Sophisticated searches are possible in Pubmed, using the advanced search page. See the Pubmed Tutorial.

Some literature is missing from Pubmed, notably agricultural data (See Agricola for this) and literature pre-1960 or so. The coverage varies with the journal indexed, so a given article may not be present. Other indices, such as Web of Science are more useful for very old references.


Web of Science

The Science Citation Index or Web of Science is an extremely useful tool for searching forward in time from a relevant article. The bibliography of a research paper provides excellent links backward in time to relevant prior work; the science citation index provides a similar mechanism forward in time. Each article, when published, is mined for its references. SCI allows users to search for future articles which reference the article in question. Access is limited, as this is a commercial service. MIT users can access SCI from the Vera home page, A Web of Science tutorial is available here.

Science Citation Index is also useful in finding titles and references to articles which are not otherwise indexed, including Ph.D. theses, book chapters, and web pages. Pubmed does not index these, while SCI does, since it indexes all references from indexed articles.
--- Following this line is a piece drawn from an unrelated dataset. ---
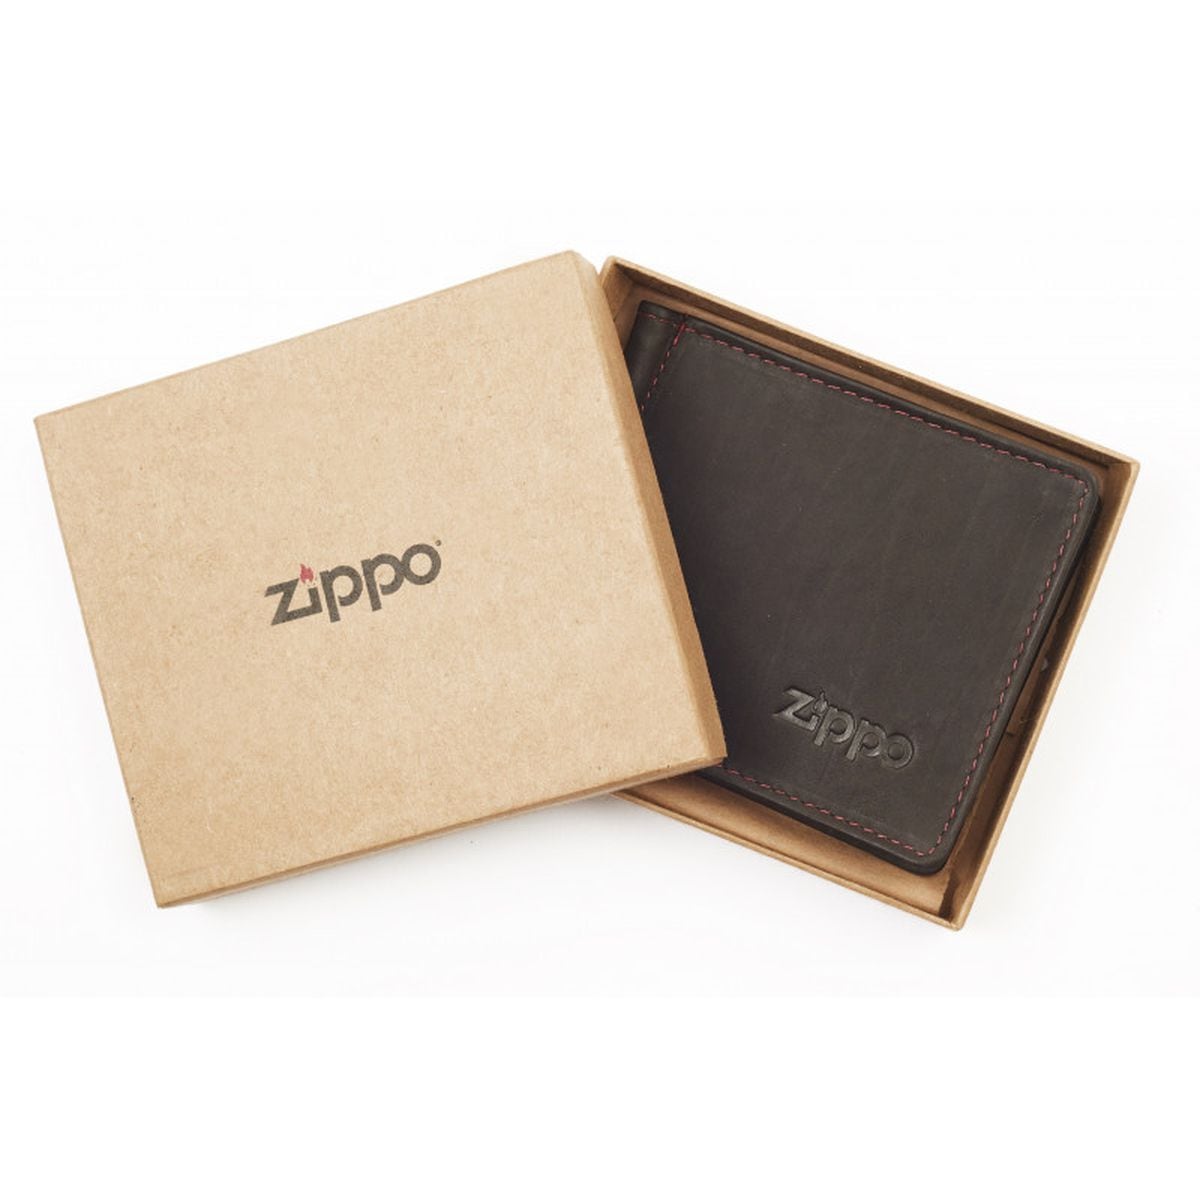 Zippo wallet

Navigating the journal pages

Using interlibrary loan

The Patent Literature

The US Patent Office maintains an excellent search site for patents and published patent applicatons. One thing to know about this is that inventor names are listed in full, and that the wild-card character for the search is a dollar sign, rather than a star. Searches such as in/knight-t$ will find all of the inventions for Tom Knight, e.g.

The result of the USPTO search will be HTML versions of the patent. The diagrams and scanned images are not easily available from USPTO. They can, however, be downloaded for free from the web site Free Patnets Online as a PDF document.